■ YOUR TASK
Starting with the line that contains "Miller Fish Fishing", copy every line through the end of the listing, exactly and only those. No pictures should appear in the copy.

### RECORDED INFORMATION

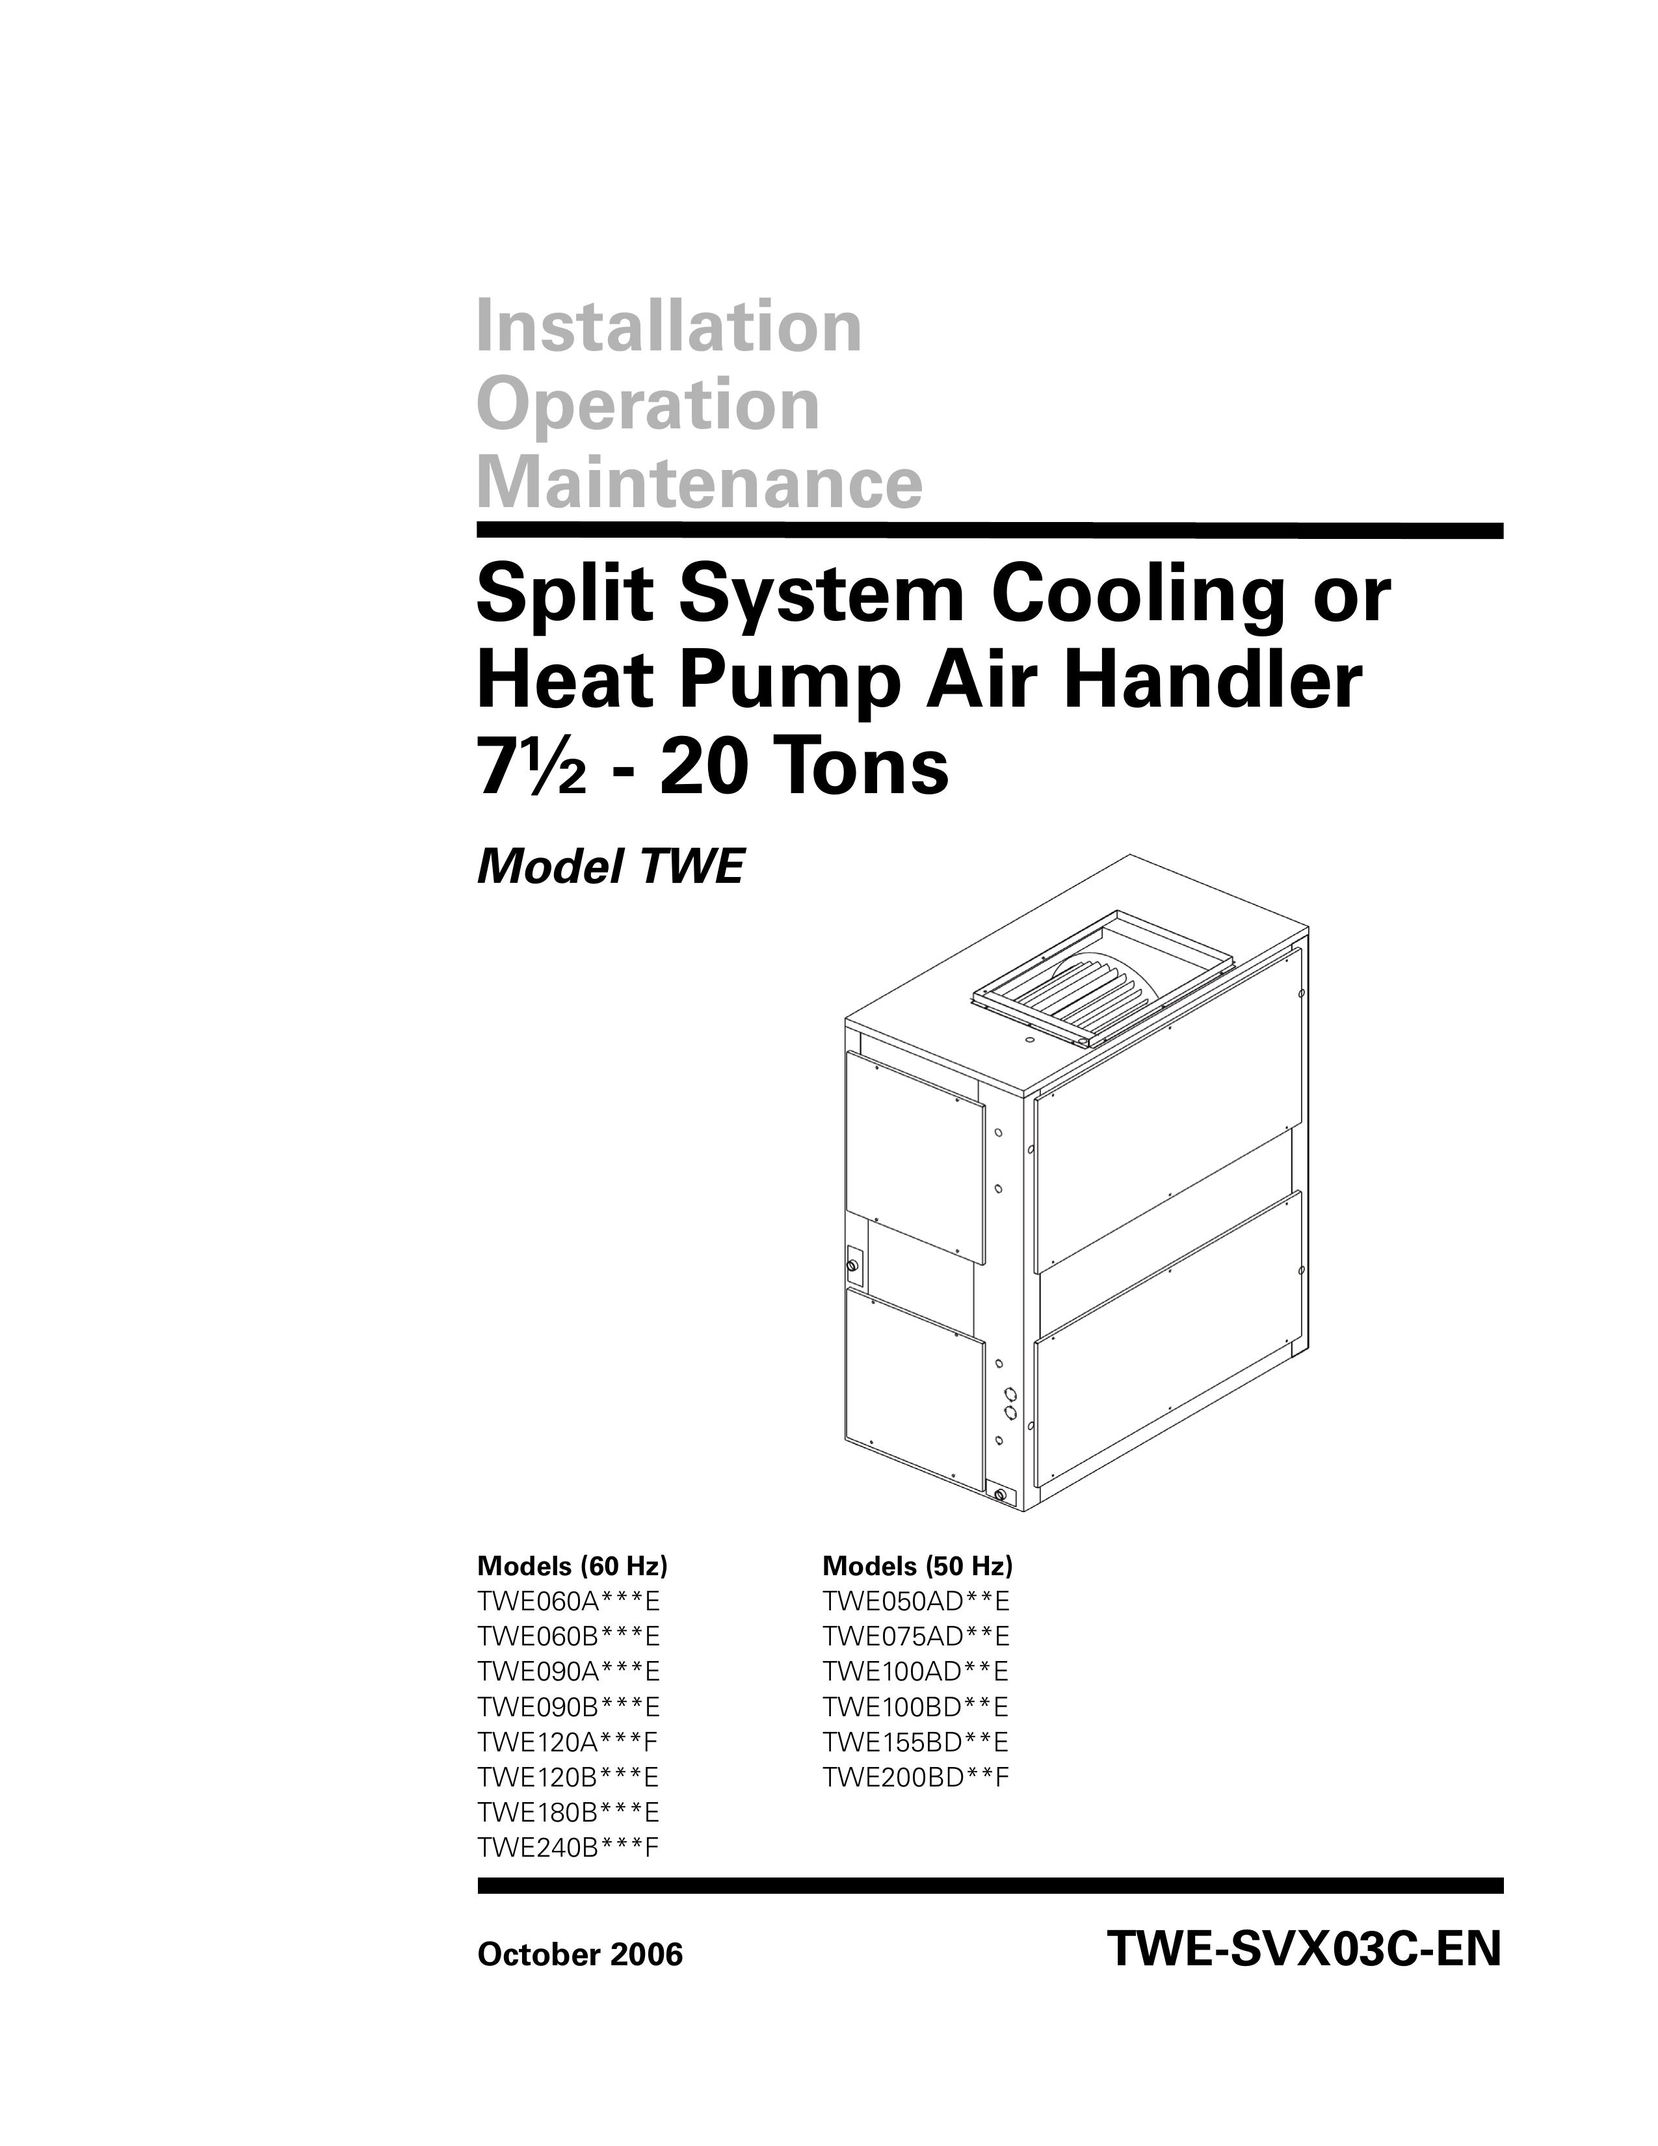 American Standard TWE090A***E Heat Pump User Manual
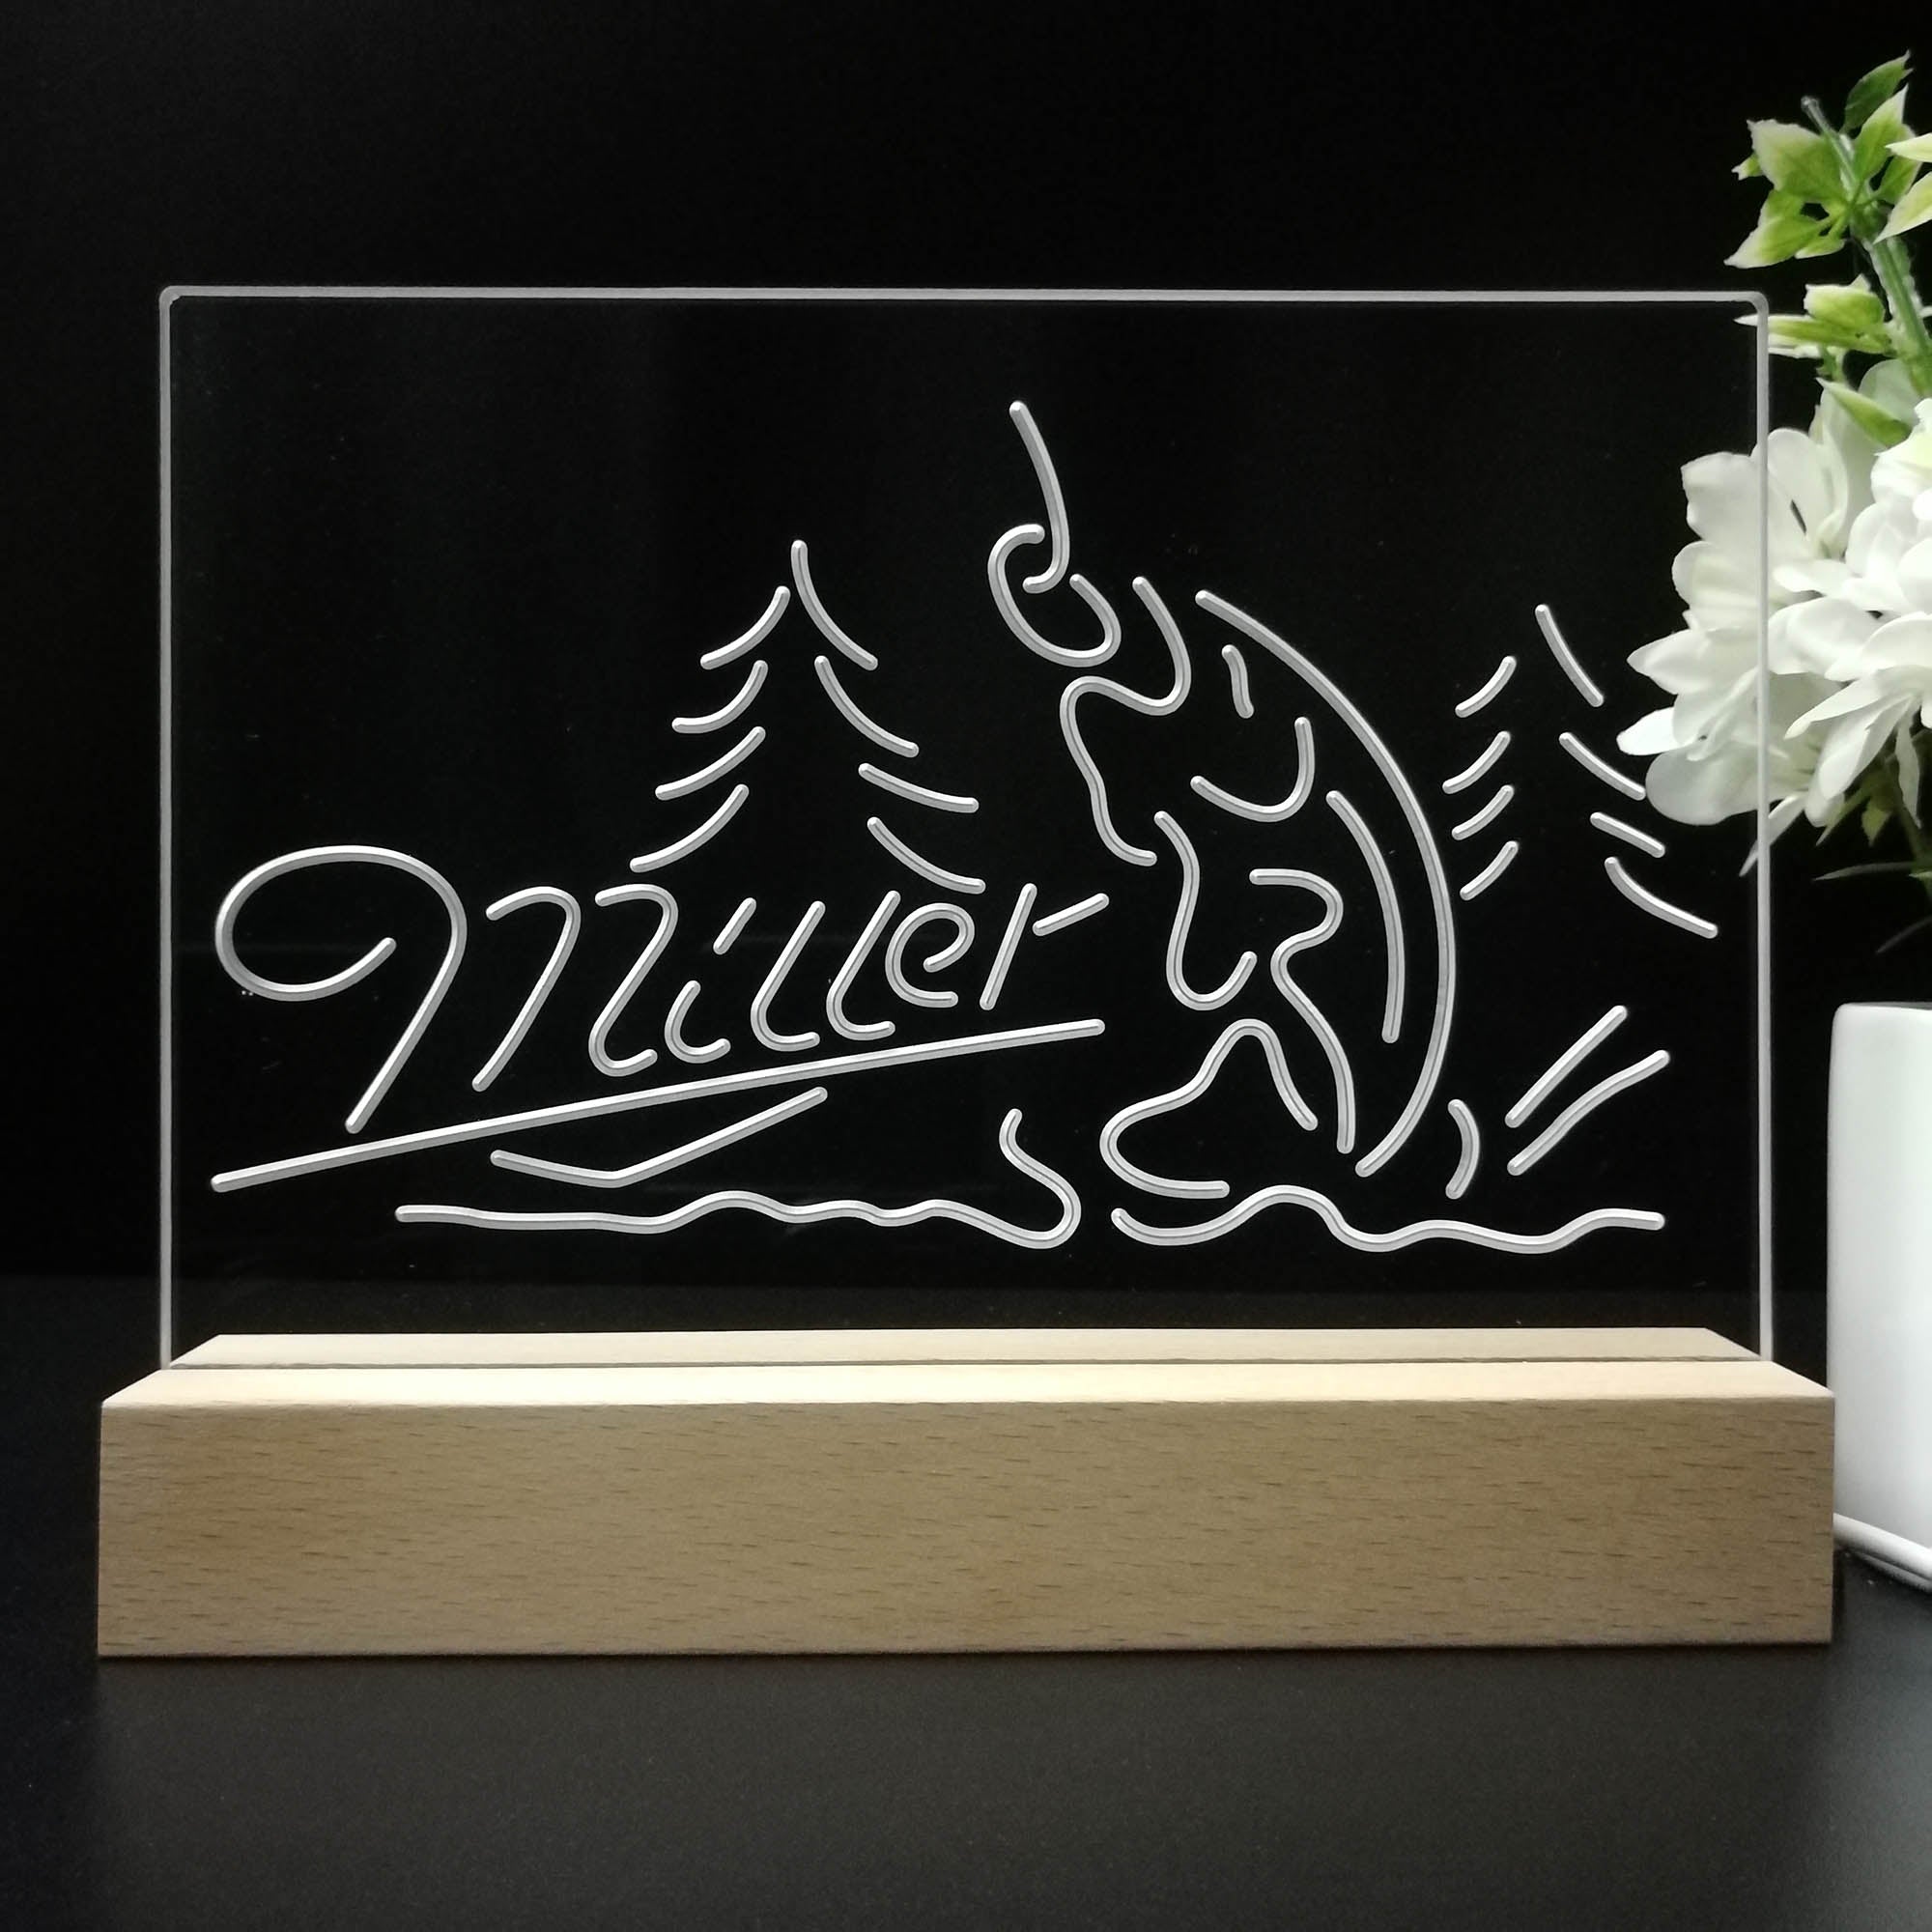 Miller Fish Fishing Night Light 3D Illusion Lamp Home Bar Decor
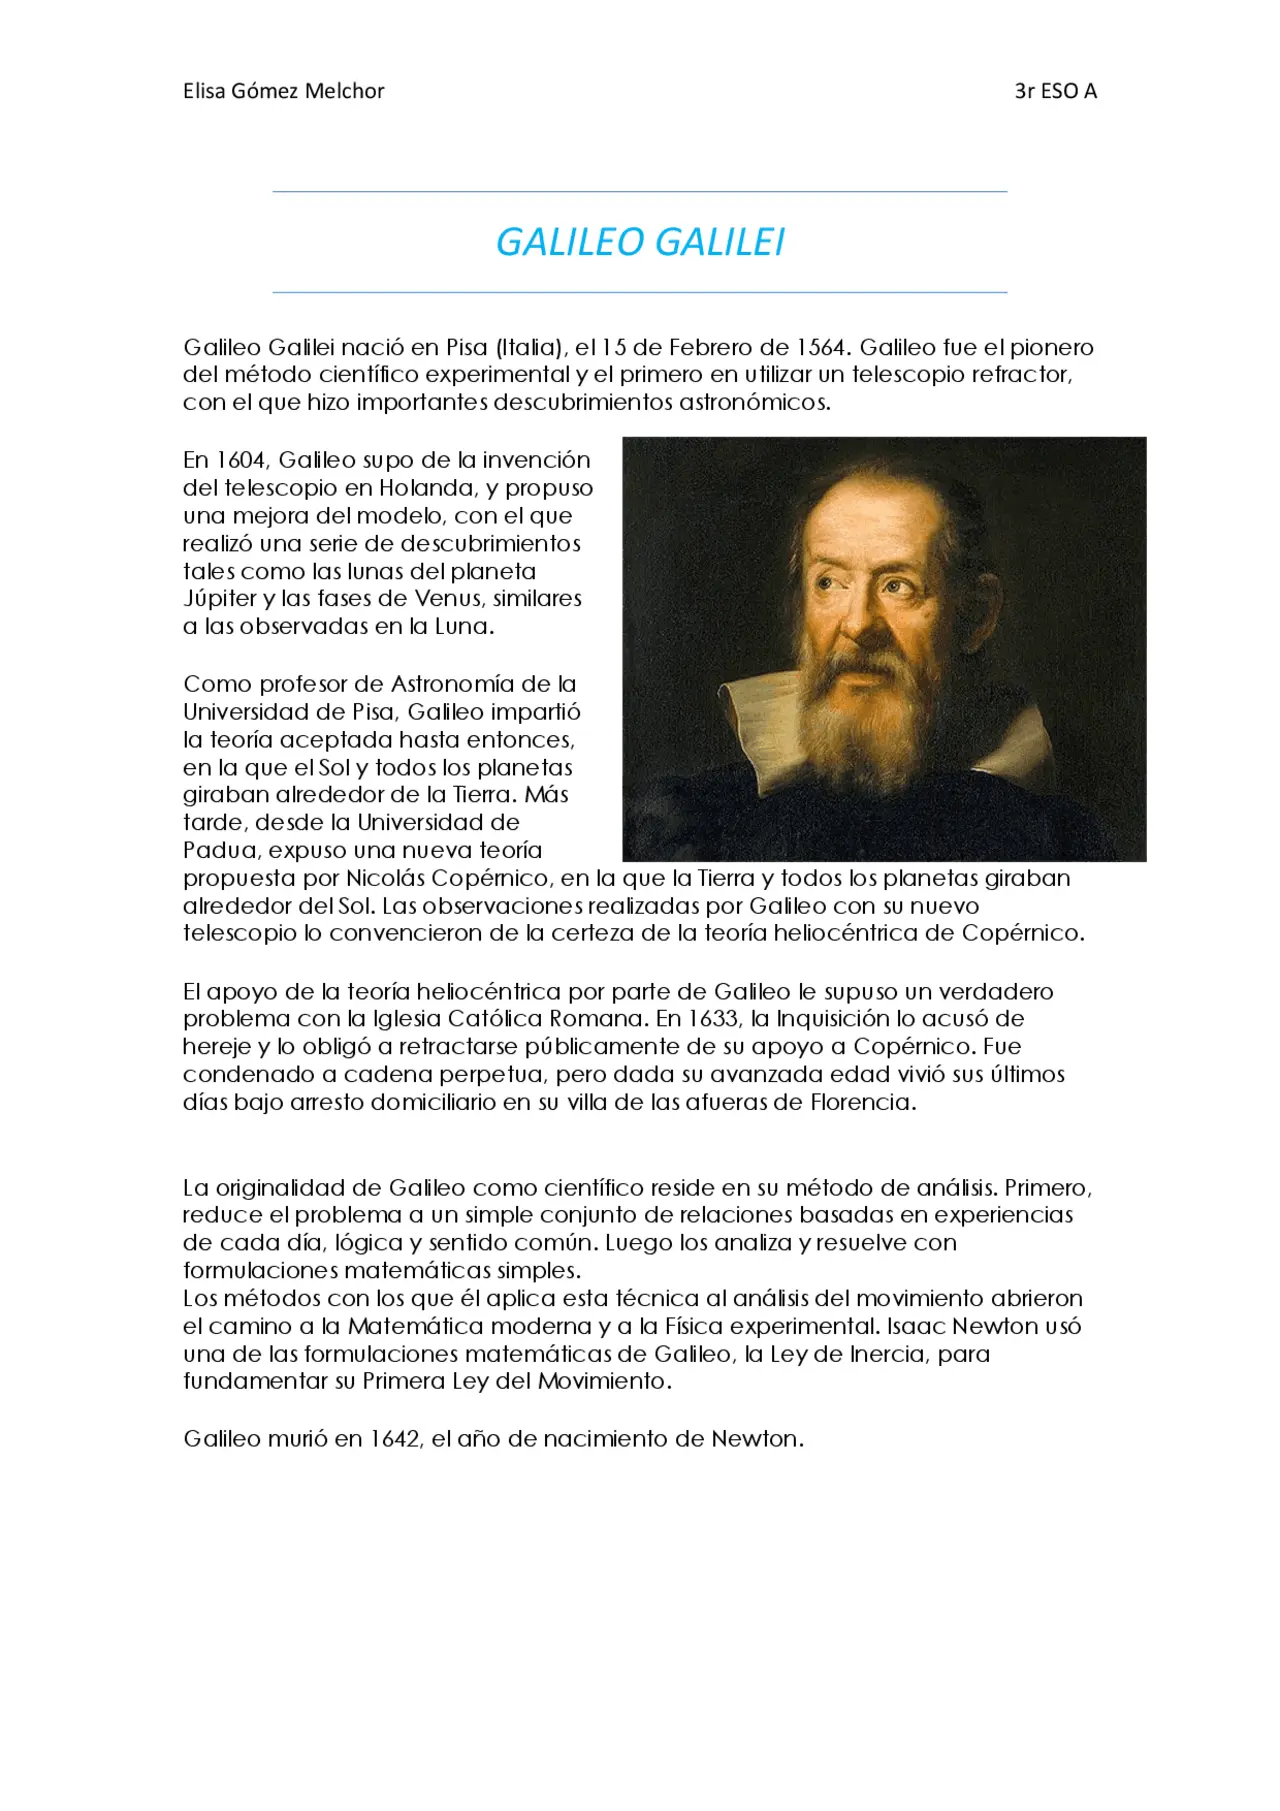 teoria de galileo galilei resumen - Qué teoría sostuvo Galileo Galilei

######

■ WRITTEN RESPONSE
 Miller Fish Fishing Night Light 3D Illusion Lamp Home Bar Decor
 teoria de galileo galilei resumen - Qué teoría sostuvo Galileo Galilei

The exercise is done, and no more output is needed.